--- GIVEN INFORMATION ---
———

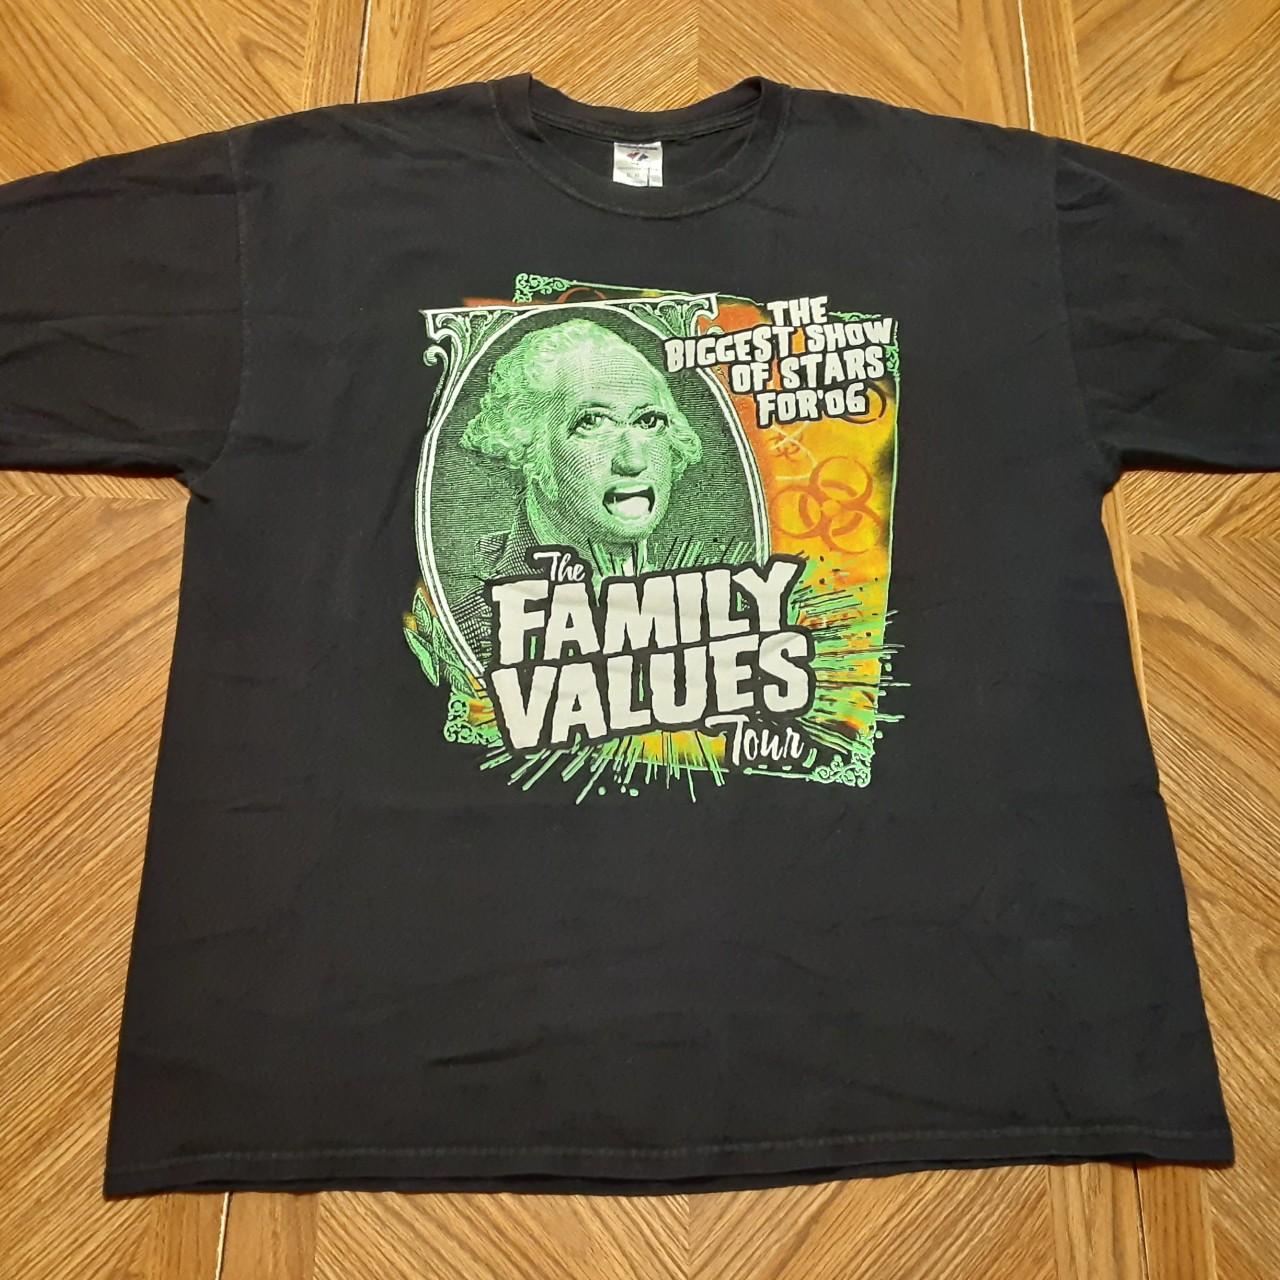 Vintage Family Values Tour T-Shirt, Korn, Deftones.
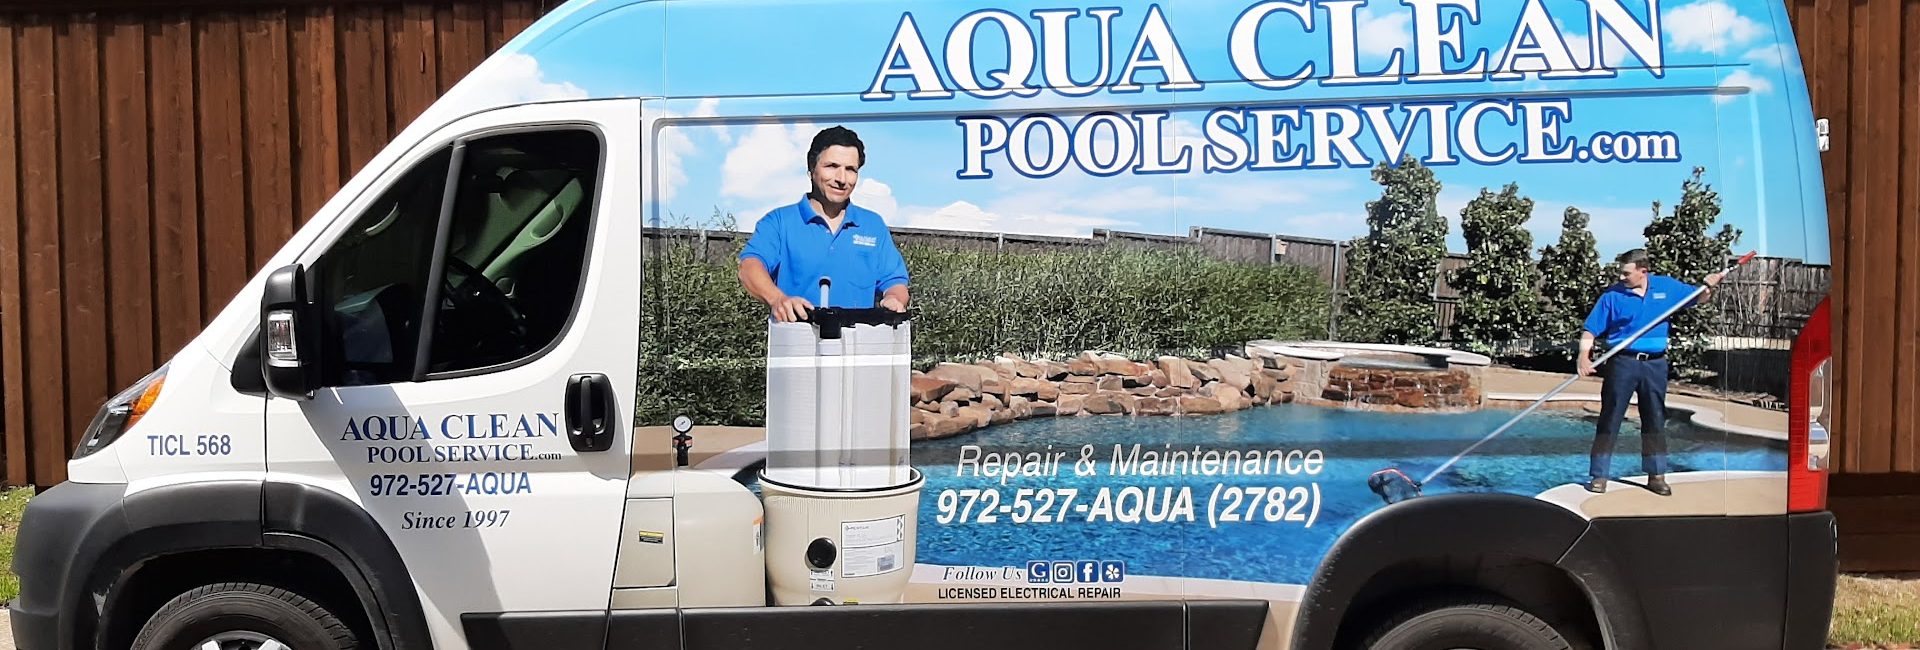 Aqua Clean Pool Service 3
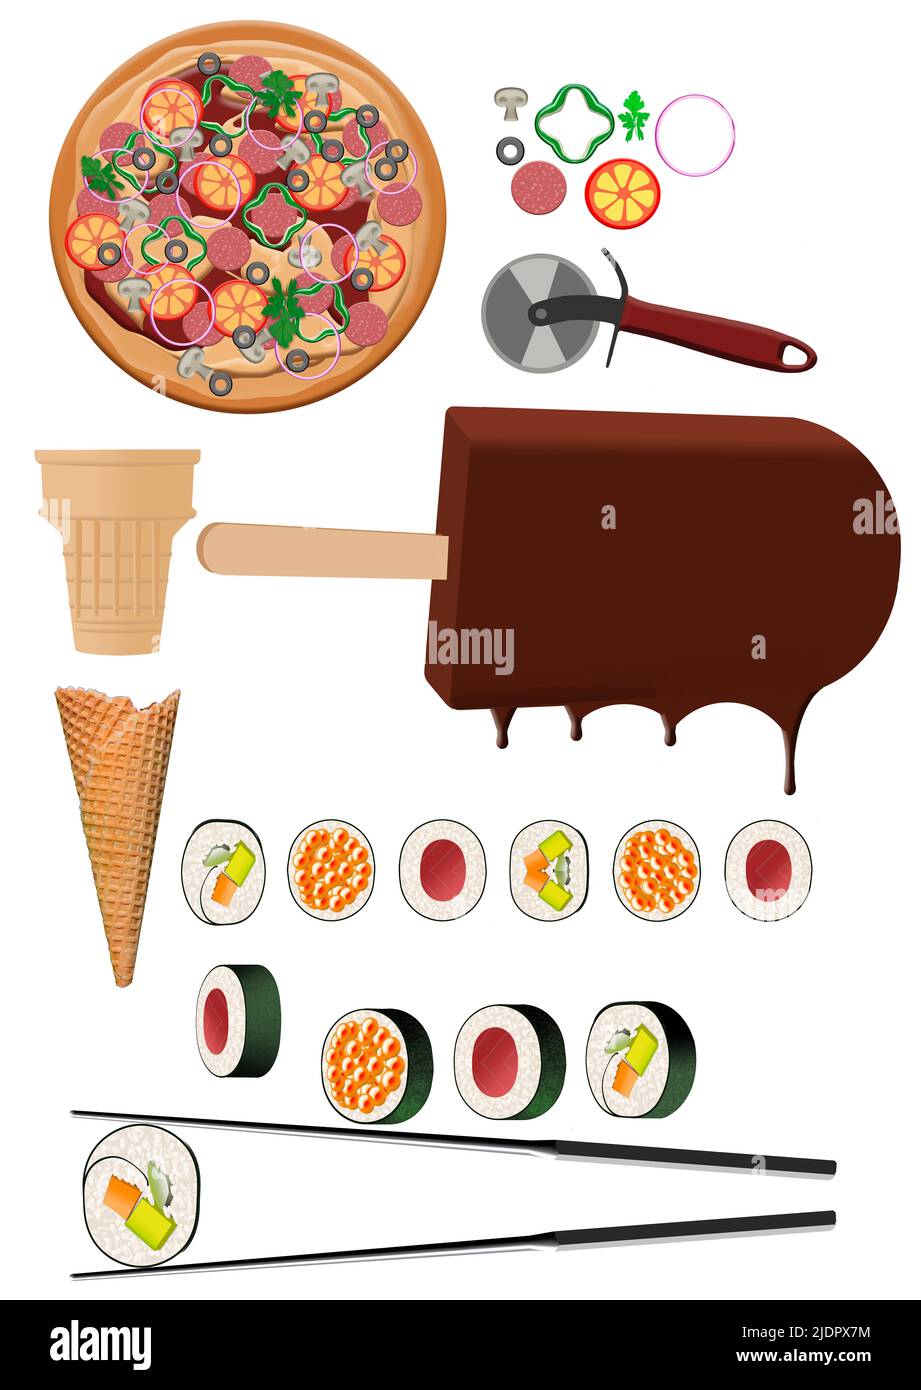 La pizza, el helado y el sushi se consideran ilustraciones en 3-d que se utilizan para elementos gráficos. Foto de stock
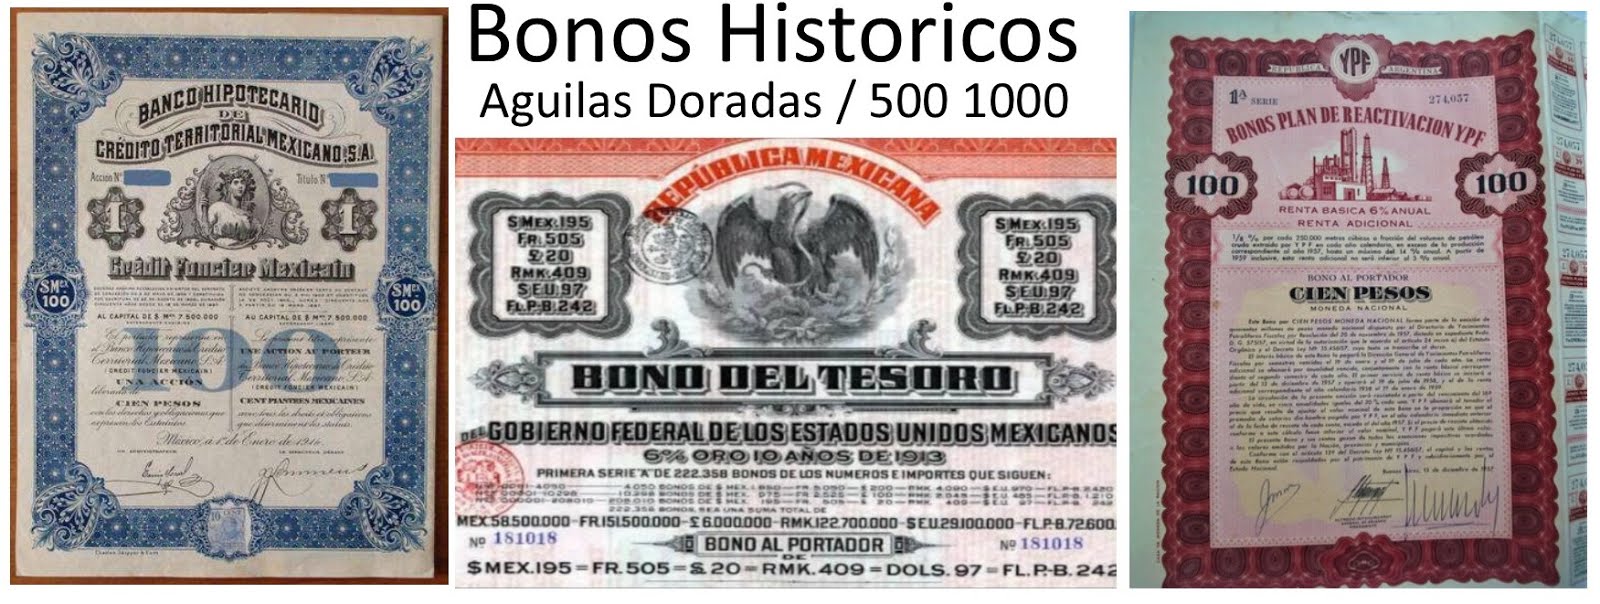 Bonos Historicos de Deudas

———

--- YOUR OBJECTIVE ---
Exclude all images and retype the data precisely.

--- RESPONSE ---
 Vintage Family Values Tour T-Shirt, Korn, Deftones.
 Aqua Clean Pool Service 3
 La pizza, el helado y el sushi se consideran ilustraciones en 3-d que se utilizan para elementos gráficos. Foto de stock
 Bonos Historicos de Deudas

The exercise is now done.